Broadband Omni-resonant Coherent Perfect Absorption in Graphene

TL;DR

This paper demonstrates a broadband omni-resonant coherent perfect absorption technique using graphene in a planar cavity, significantly enhancing absorption over a wide spectrum by pre-conditioning incident light.

Contribution

It introduces a novel method for achieving broadband CPA by angular dispersion and cavity placement, challenging conventional placement requirements.

Findings

Optical absorption in graphene boosted from 1.6% to 60%.

Achieved ~70 nm bandwidth in visible spectrum.
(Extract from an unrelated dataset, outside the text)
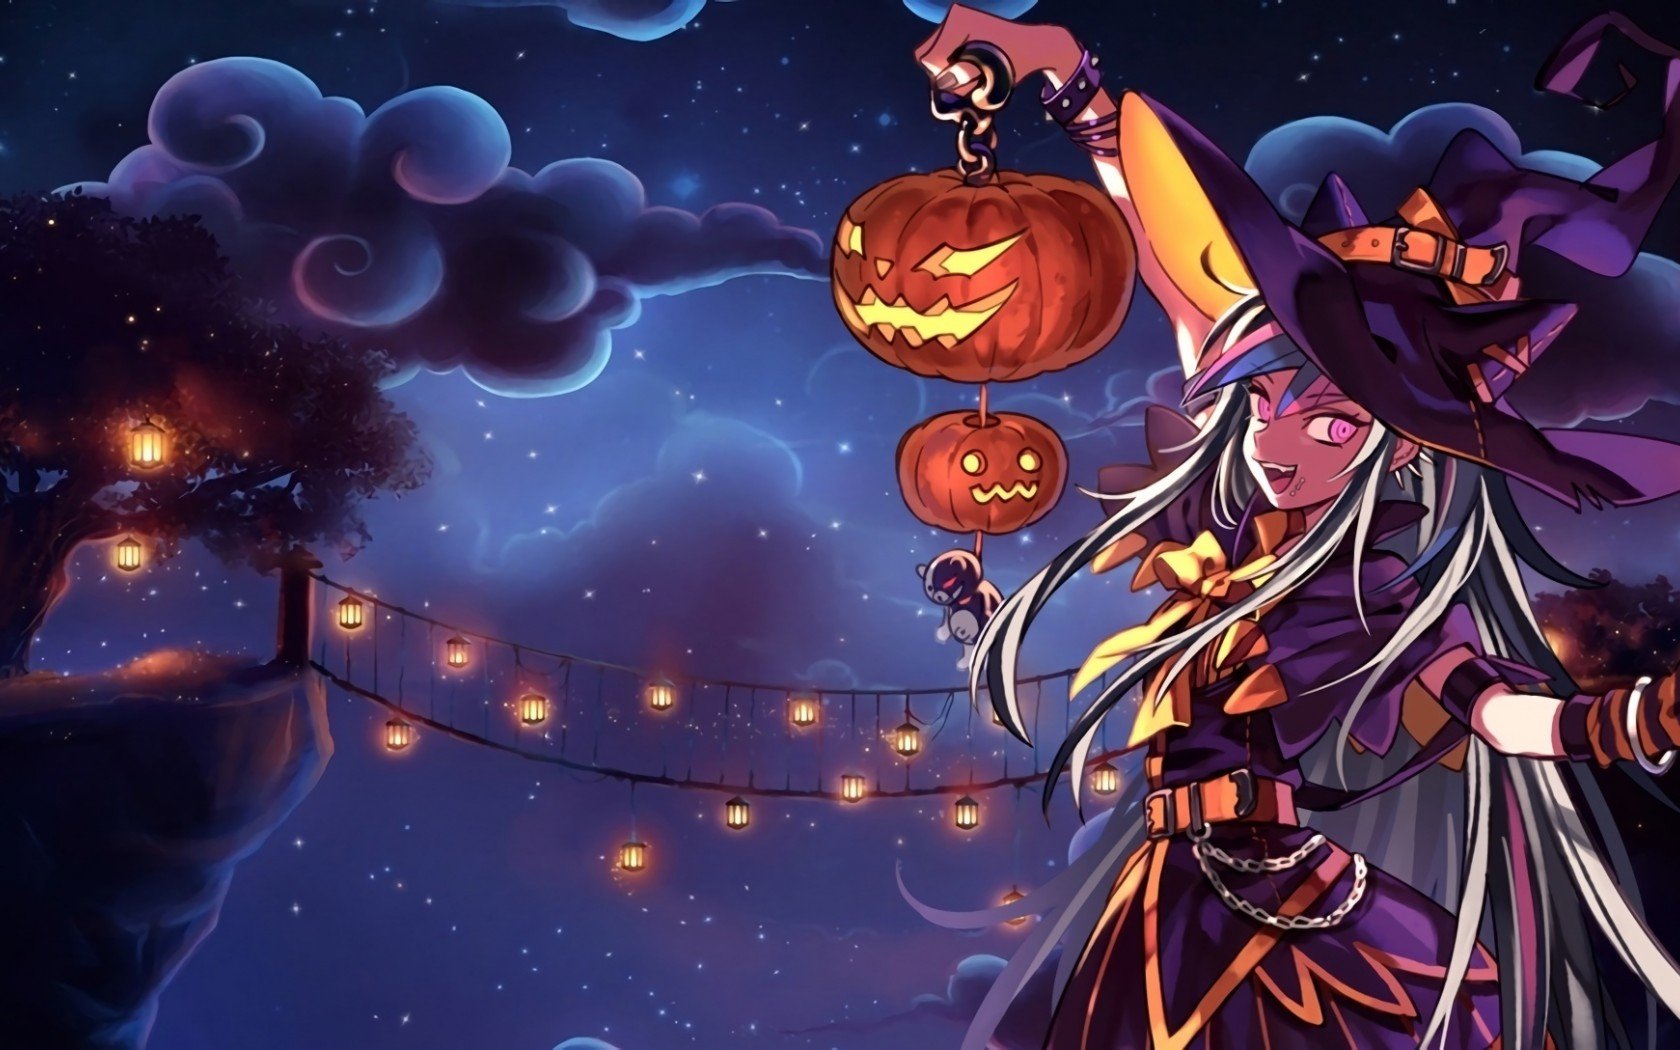 anime, Art, Before, Bridge, Candle, Clouds, Halloween, Hand, Hat, Holding, Holiday, Lantern, Mountain, Night, Pumpkin, Pumpkins, Sky, Smile, Stars, Tree, Wich, Young Wallpaper

Analytical model confirms cavity placement flexibility.

Abstract

Coherent perfect absorption (CPA) refers to interferometrically induced complete absorption of incident light by a partial absorber independently of its intrinsic absorption (which may be vanishingly small) or its thickness. CPA is typically realized in a resonant device, and thus cannot be achieved over a broad continuous spectrum, which thwarts its applicability to photodetectors and solar cells, for example. Here, we demonstrate broadband omni-resonant CPA by placing a thin weak absorber in a planar cavity and pre-conditioning the incident optical field by introducing judicious angular dispersion. We make use of monolayer graphene embedded in silica as the absorber and boost its optical absorption from ~1.6% to ~60% over a bandwidth of ~70 nm in the visible. Crucially, an analytical model demonstrates that placement of the graphene monolayer at a peak in the cavity standing-wave field is not necessary to achieve CPA, contrary to conventional wisdom.